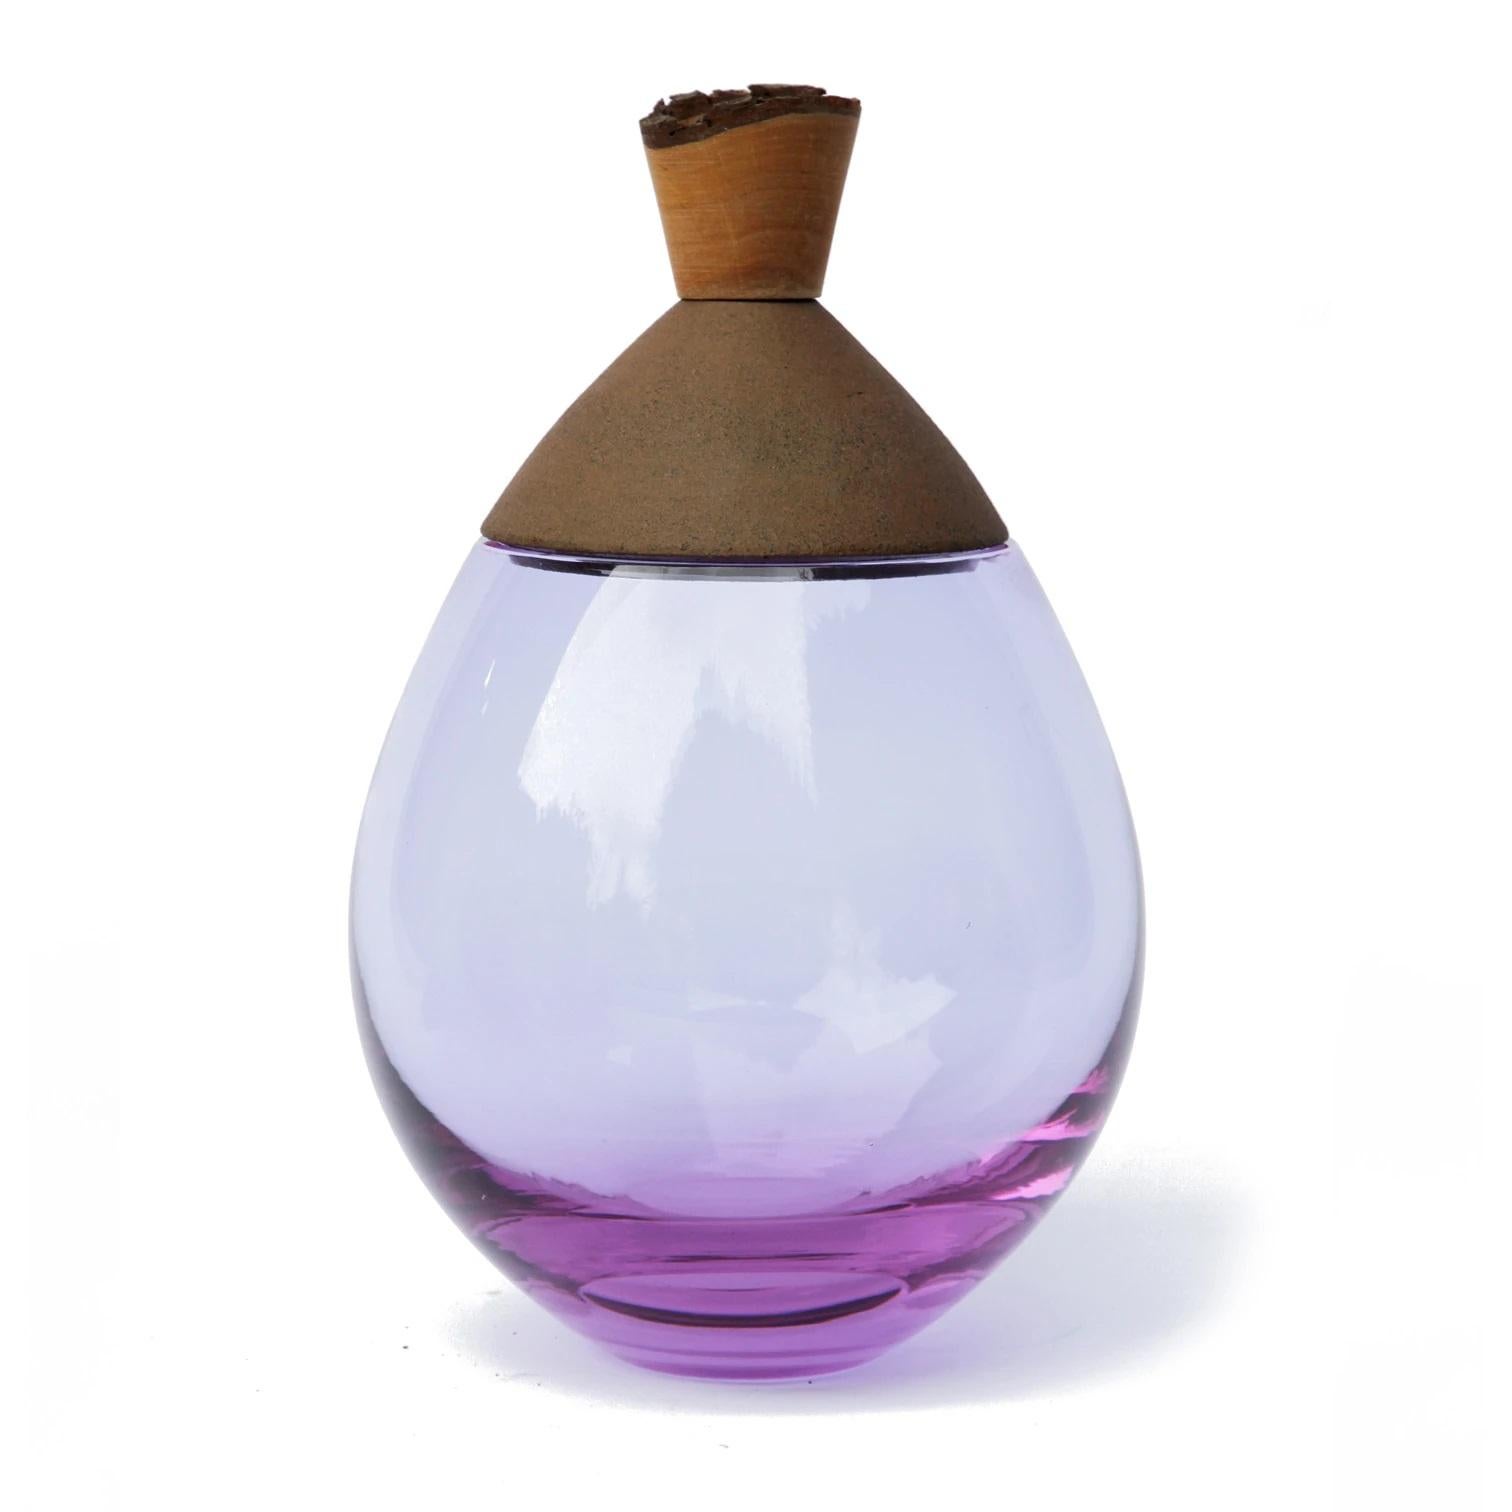 Lavender and brown Satu stacking vessel, Pia Wüstenberg
Dimensions: D 19 x H 23
Materials: glass, wood, ceramic
Available in other colors.

Handmade in Europe: handblown glass (Czech Republic), earthenware ceramic (Germany), hand turned wood

### Your objective
Check each line of the listing above. Copy the ones with the word "wood".

### Answer box
Materials: glass, wood, ceramic
Handmade in Europe: handblown glass (Czech Republic), earthenware ceramic (Germany), hand turned wood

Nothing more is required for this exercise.